Esta es una historia que ya he ido publicando en otra plataforma. Sin embargo, aquí voy a hacer algunos (bastantes) cambios. La anterior historia la empecé hace unos cinco años y desde entonces ha cambiado bastante mi perspectivas sobre algunos temas problemáticos. Probablemente siga siéndolo en parte… Creo que todos vamos a creciendo poco a poco. Si es así, y como trato algunos temas un poco peliagudos, son bienvenidas todas las críticas siempre y cuando sean constructivas. Aunque tampoco pasa nada si son destructivas, aquí hemos venido a jugar.
Publico sin beteos y un poco a lo loco, así que siento toooodas las erratas que puede que haya.

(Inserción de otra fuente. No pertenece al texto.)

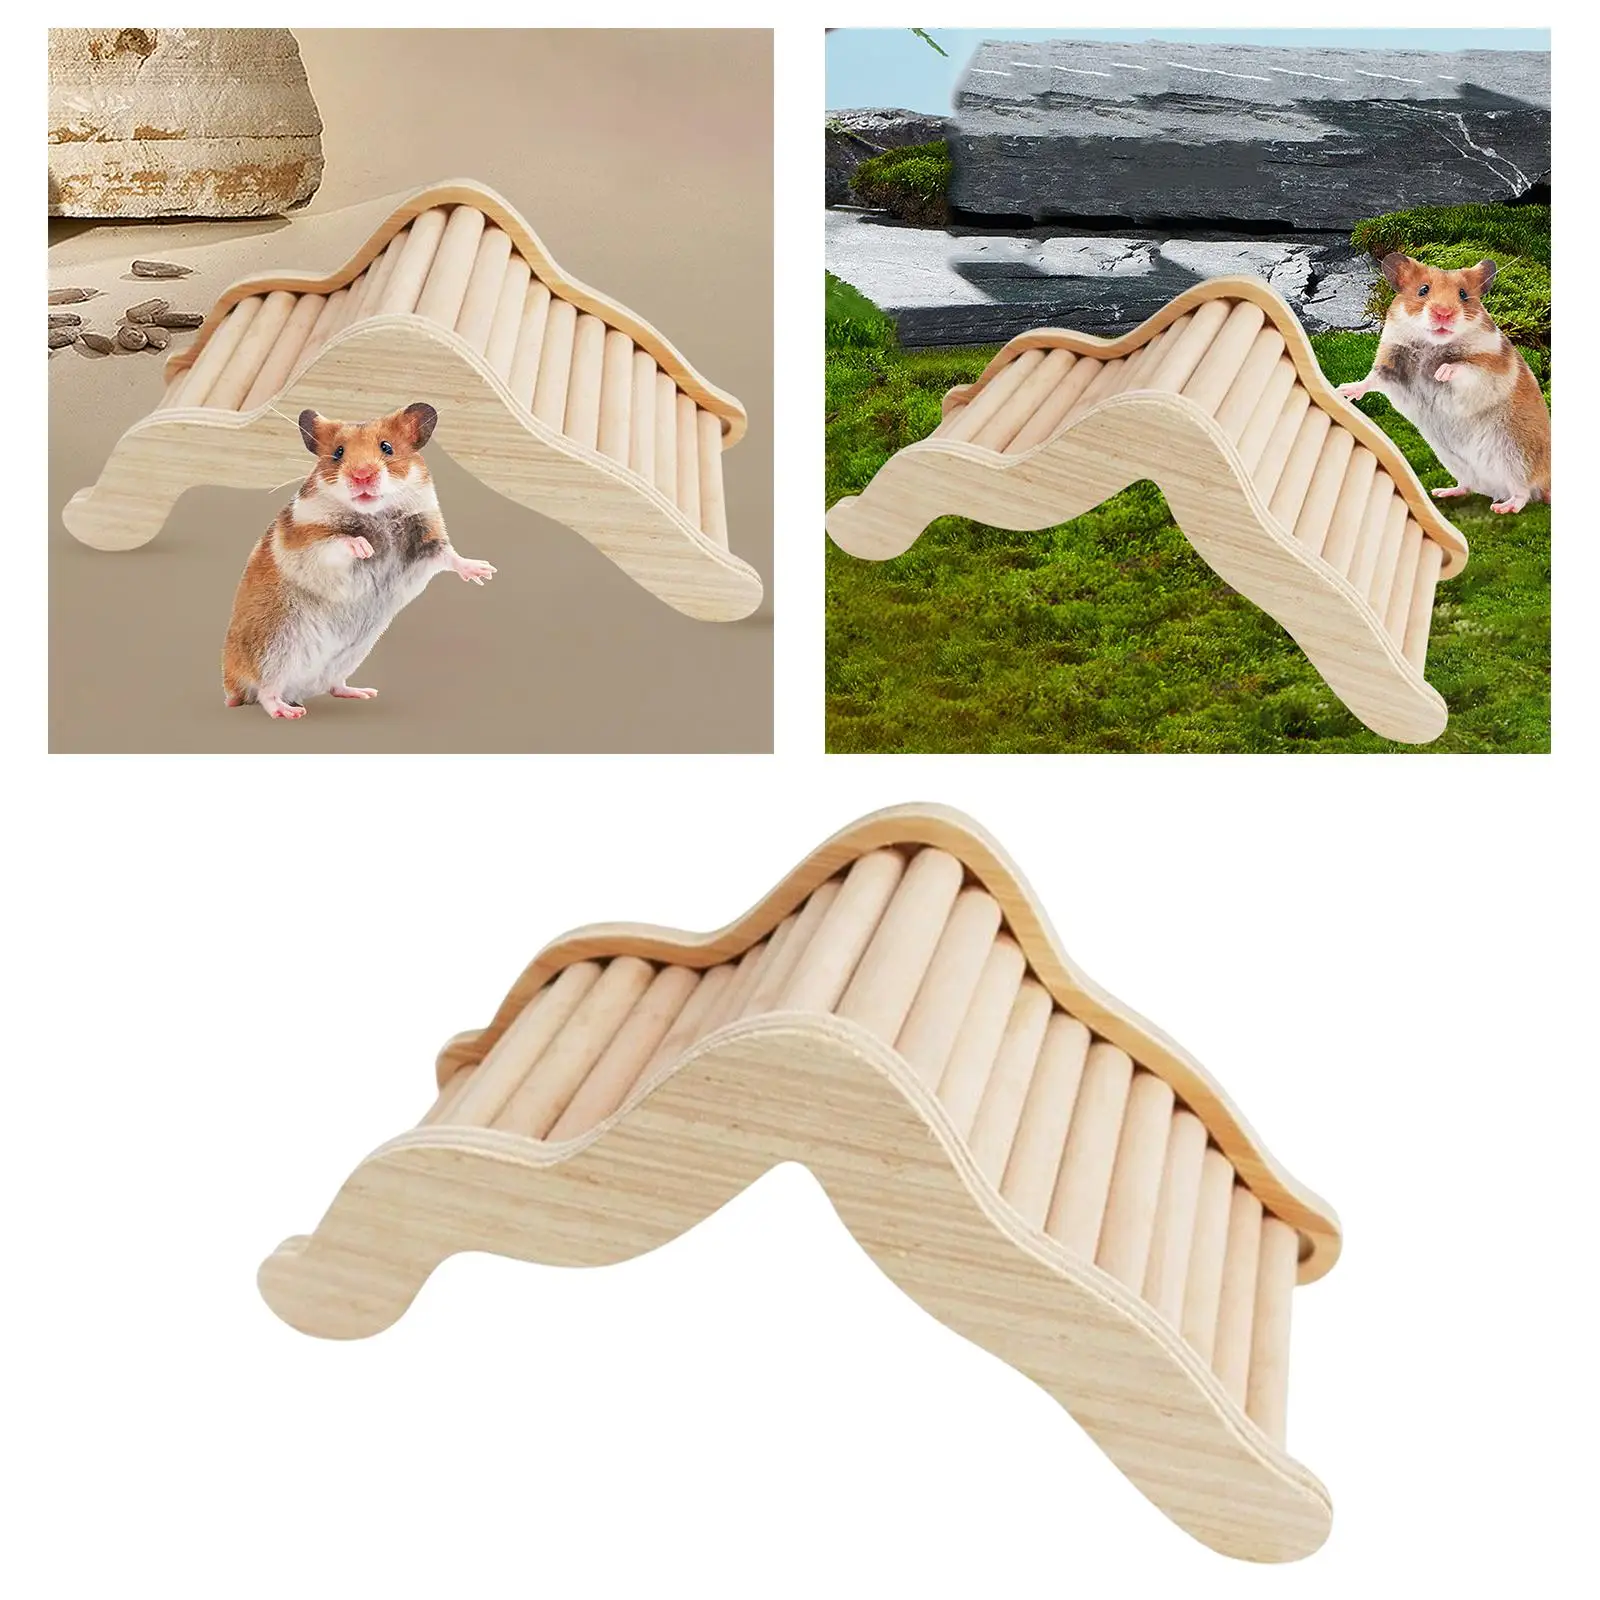 Hamster bridge Exercise Toy Decorative Gift Platform Climbing stairs Finches Parrots Pet Mice Activity

TW: depresión, estrés postraumático, autolesión.
1. El abismo llama al abismo
—¡No puedo más, Hermione! —gritó Ron mientras arrojaba todas sus camisas de viaje. —Lo he intentado, he intentado entenderte, ¡ayudarte! Pero esto me sobrepasa. ¡Todos lo hamos pasado jodidamente mal! ¿Acaso crees que no echo de menos a Fred y… y a todos los demás, todos los días? Pero seguimos adelante, tenemos que hacerlo.
Hermione lo observaba desde el sofá, demasiado cansada para replicar, demasiado cansada para que aquello le importara de verdad. Parpadeó un par de veces intentando focalizar la imagen de Ron y buscando las palabras entre la bruma de su cerebro.
—Ya, imaginaba que esto pasaría —consiguió decir finalmente. Su voz sonó pastosa y ajena después de horas o tal vez días sin usarla.
—¿Que imaginabas que pasaría? —estalló él. —¿Eso es todo lo que tienes que decir? ¿Es todo lo que quieres? ¿Quedarte sola? ¡Pues enhorabuena! Lo has conseguido, me… me rindo —se le entrecortó la voz. —Me largo.
La miró una última vez y se dio la vuelta, bajó las escaleras y, con un último portazo, desapareció.
Hermione había pasado mucho tiempo pensando en cómo se sentiría finalmente cuando hubiera echado de su lado a la última persona. En realidad no estaba segura de que Ron fuera el último. Probablemente si llamara a Harry o a Ginny estarían a su lado, pero no lo haría. ¿Cuánto tiempo pasaría hasta que se dieran cuenta de que hacía tiempo que no sabían nada de ella? Dos semanas, tres probablemente. Tal vez un mes. Las cosas habían cambiado, ser adulto lo cambiaba todo. En el Ministerio tardarían aún más, aliviados por no tener que dar una vuelta más a la última enmienda a una ley ínfima que, como diría Hopkins, a nadie importaba.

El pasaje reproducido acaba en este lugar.